Ravenscroft: In this acclaimed, classic Gothic romance by bestselling author Dorothy Eden, a woman falls in love with the nobleman who rescues her from a life on the streets . . . only to find herself in deadly danger at his haunted country estate. Orphaned and cast adrift in the world, young sisters Bella and Lally McBride travel to London—only to fall victim to criminals who traffic in human flesh. Rescued by an aristocratic stranger, Bella soon finds herself mistress of a sprawling country estate plagued by the ghost of her new husband’s dead first wife.
With his first wife gone, Guy Raven needs an heir. And when scandal threatens to destroy his political ambitions, he finds the perfect solution. But marriage to the bold, outspoken Bella is not what he imagined. She arouses a passion that the grieving widower is determined to resist. But danger has followed Bella and Lally to Ravenscroft. As a cloud of revenge and murder descends upon his wife, Guy will risk everything to once again save the woman he swore never to love.
Darkwater: This classic Gothic romance, hailed by the Boston Globe as “a gem of its species,” tells the spine-tingling story of a young woman caught up in an English manor’s shadowed, violent past—and confronted by the very real dangers that lie within. Fanny Davenport has lived at Darkwater ever since she was brought there as a young orphan. She both loves and detests the forbidding English estate on the moors, haunted by the death of its long-ago mistress. When the scream of a bird caught in the chimney pierces the gloom one night, she knows it to be a harbinger of violent things to come.

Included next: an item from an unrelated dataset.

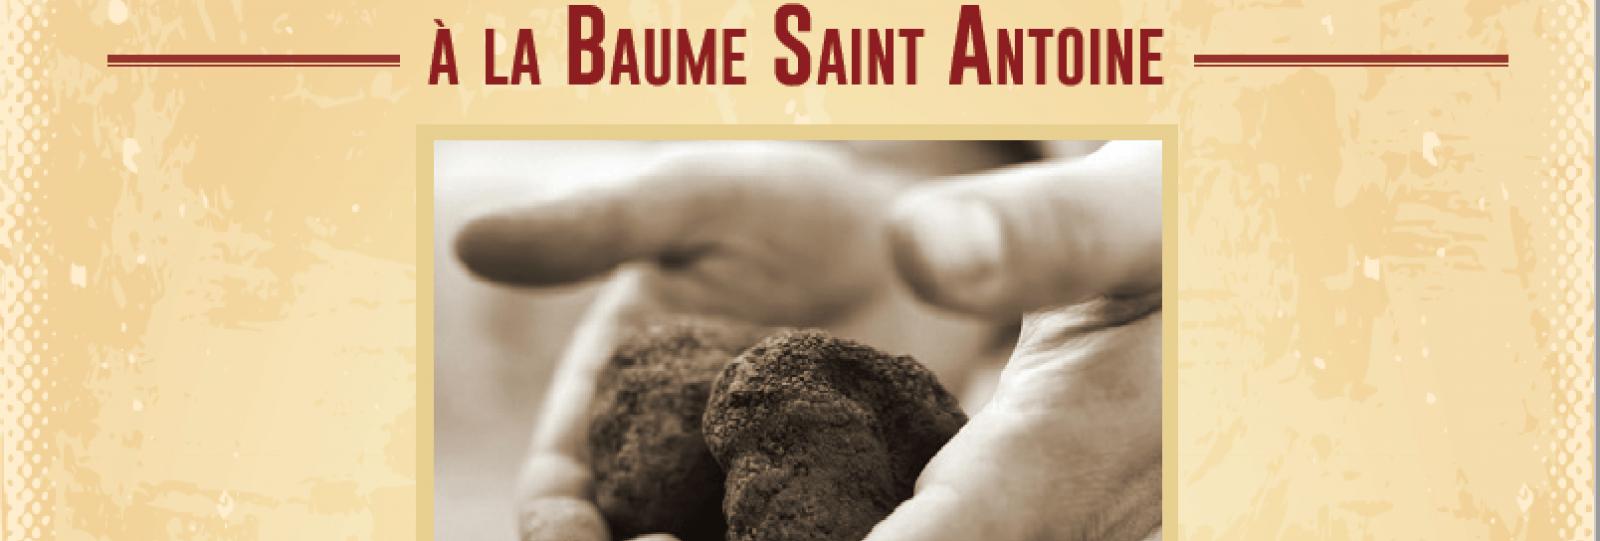 La Baume St Antoine - Romans

It all begins when Fanny boards a ship to pick up two Chinese children who have been entrusted to her uncle’s care. But Adam Marsh, the handsome stranger who hands over the sister and brother, may be an imposter. Then the children’s elderly amah disappears. The reappearance of Adam Marsh only raises more questions. Can Fanny trust him? Is he her only ally against a cunning killer waiting to claim one more life?